„Zu fällen einen schönen Baum, braucht’s eine halbe Stunde kaum. Zu wachsen, bis man ihn bewundert, braucht er, bedenk es, ein Jahrhundert.“

Ob dieser weise Vers des Lyrikers Eugen Roth im Norderstedter Rathaus bedacht wurde, als man beschloss, das prachtvolle Ensemble aus jahrzehntealten Laub- und Nadelbäumen vor dem Coppernicus-Gymnasium nahezu vollständig abzuholzen, darf bezweifelt werden. Möglicherweise war es der Stadt zu mühsam und auch auch zu teuer, die natürlichen Kollateralschäden – vom Wurzelwerk hochgedrückte und vom Laub- und Nadelfall verschmutzte Gehwegplatten – Jahr für Jahr zu beseitigen. Oder war es schlicht landschaftsarchitektonischer Übereifer?
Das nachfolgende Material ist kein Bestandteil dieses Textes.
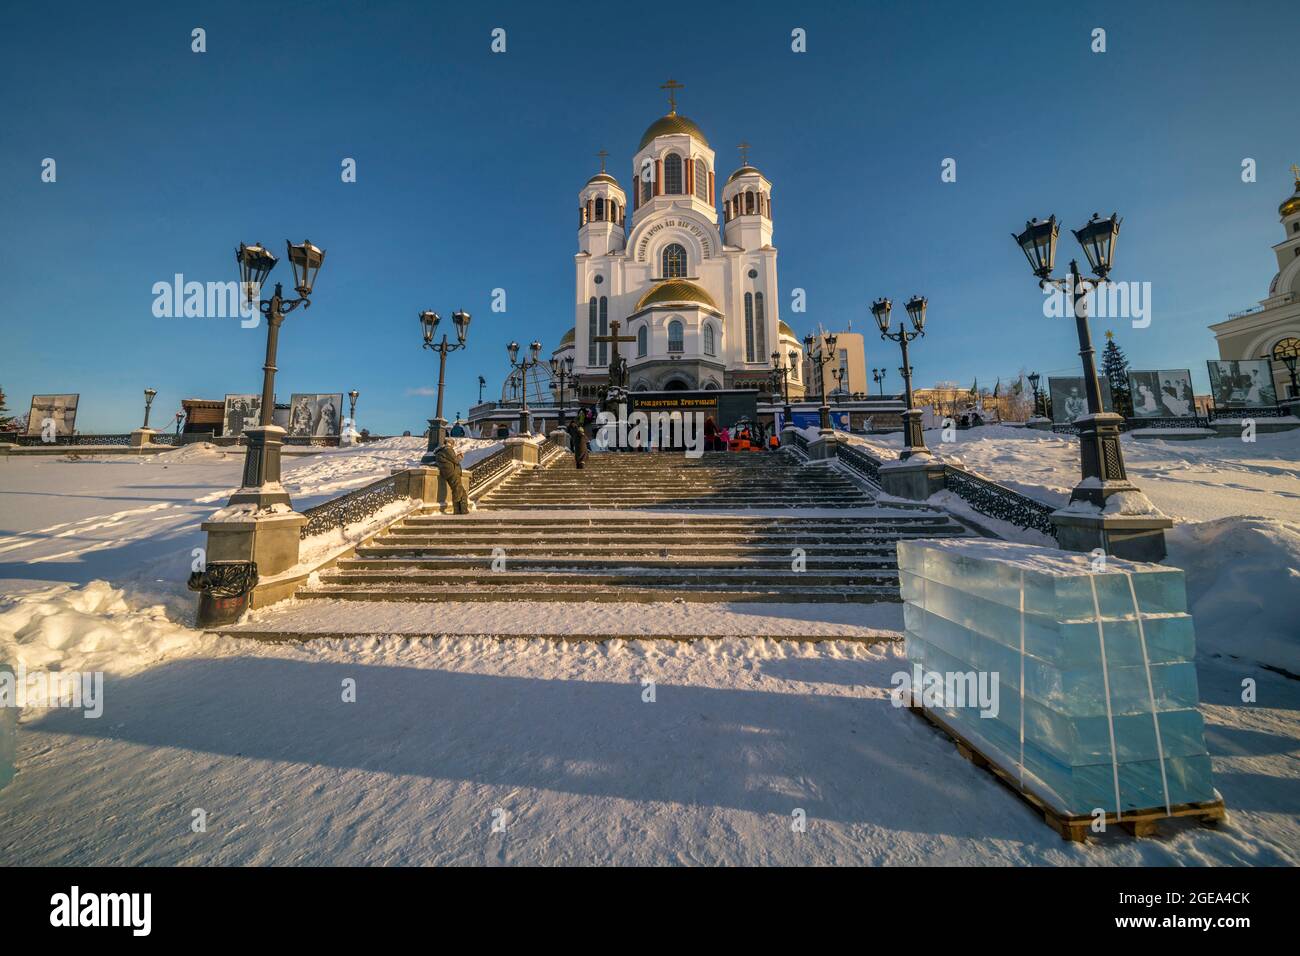 Blocks of ice await artists who will carve them into elaborate sculptures near the All Saints Cathedral in Ekaterinburg in Russia. Stock Photo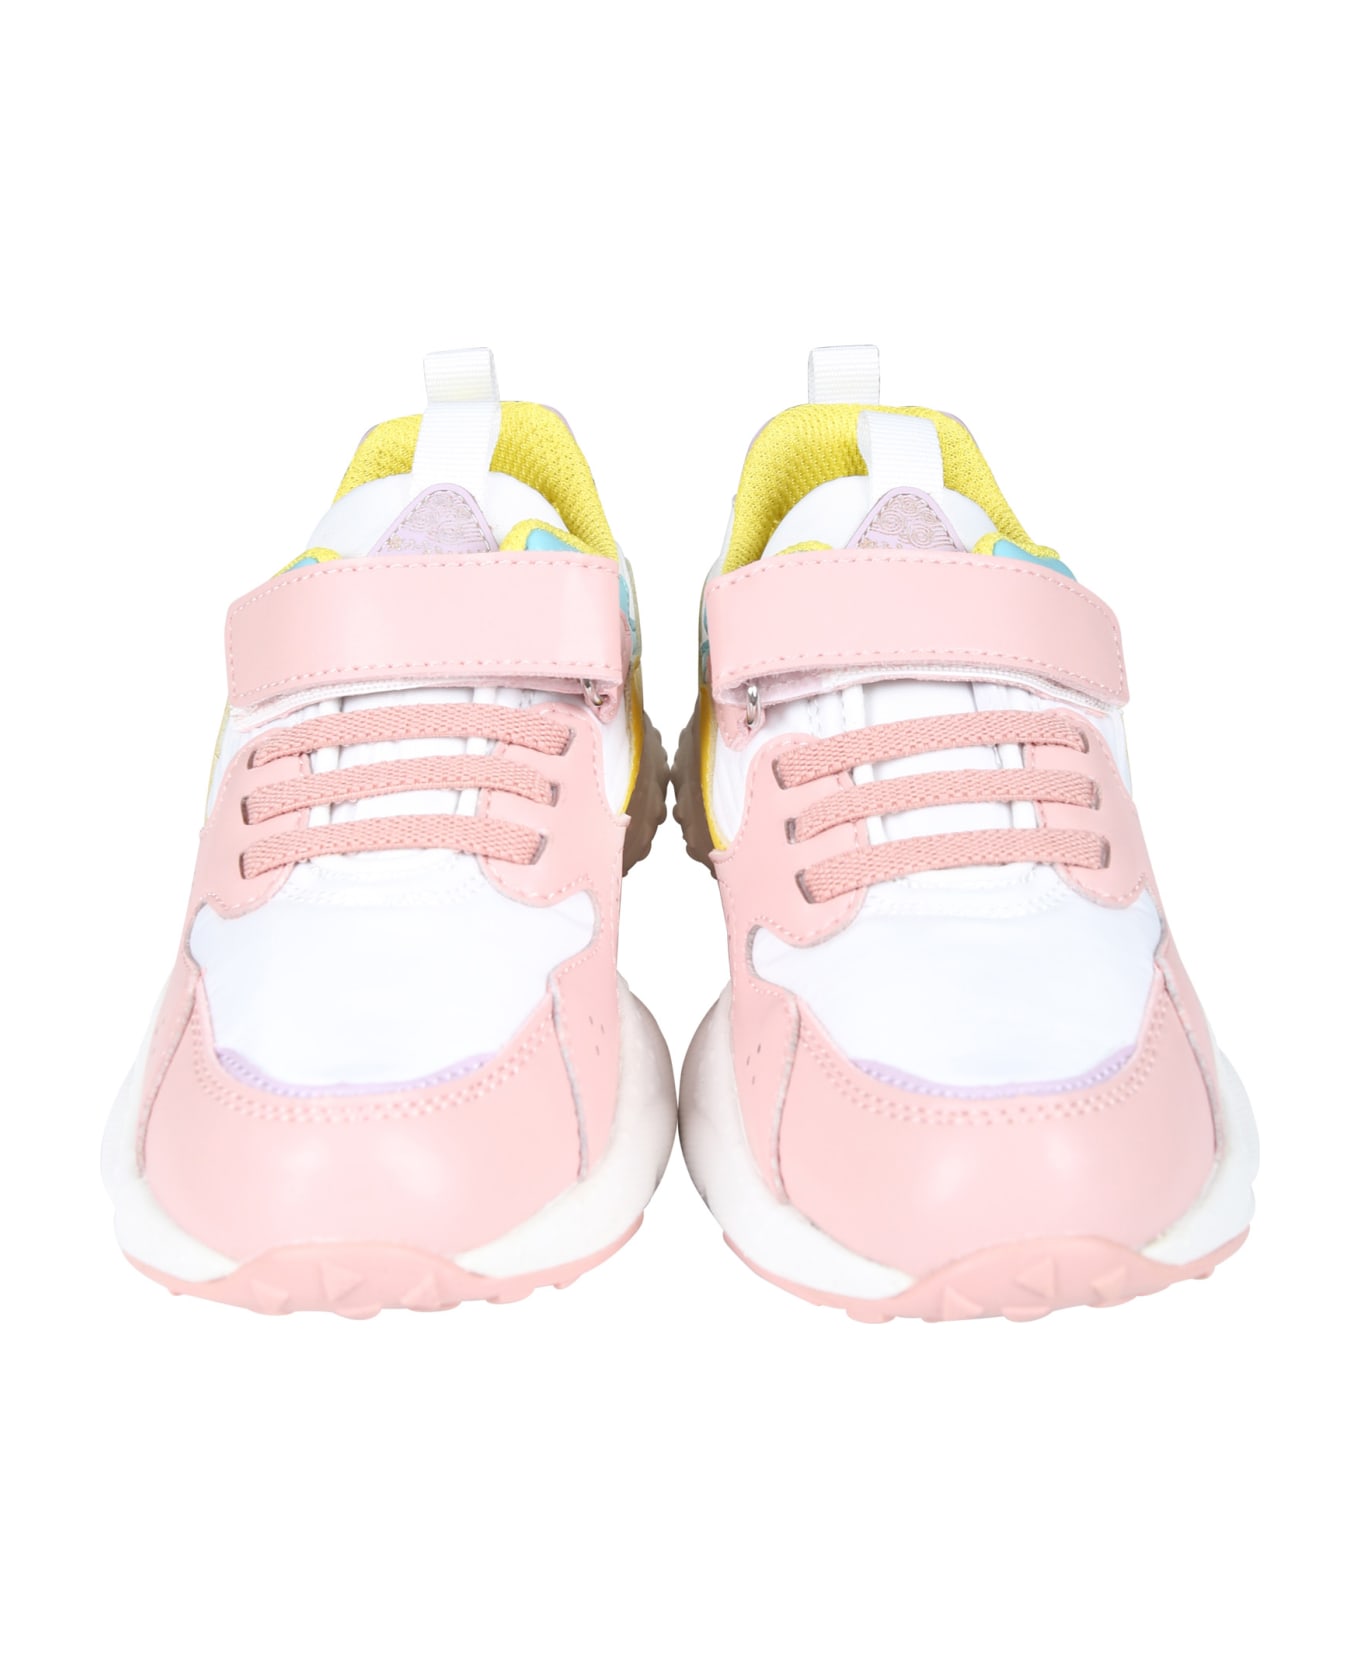 Flower Mountain Pink Yamano Low Sneakers For Girl - Pink シューズ

Was auch immer die Verantwortlichen geritten haben mag: Natur zu schützen, ist eine gesellschaftliche und eine politische Aufgabe. Mit dem Kahlschlag am Coppernicus-Gymnasium hat die Stadt nachhaltig bewiesen, dass sie ihrer Verantwortung gegenüber der Natur nicht gerecht wird. Staatliche Institutionen haben gegenüber den Bürgern eine Vorbildfunktion, erst recht gegenüber jungen Menschen. Mehr als ein Dutzend Bäume auf dem Gelände einer Schule, vor den Augen der Schüler, zu fällen, ist genau das Gegenteil. Den eigenen Bürgern Sensibilität im Umgang mit den Bäumen auf ihren Grundstücken abzuverlangen, wird damit zur Farce.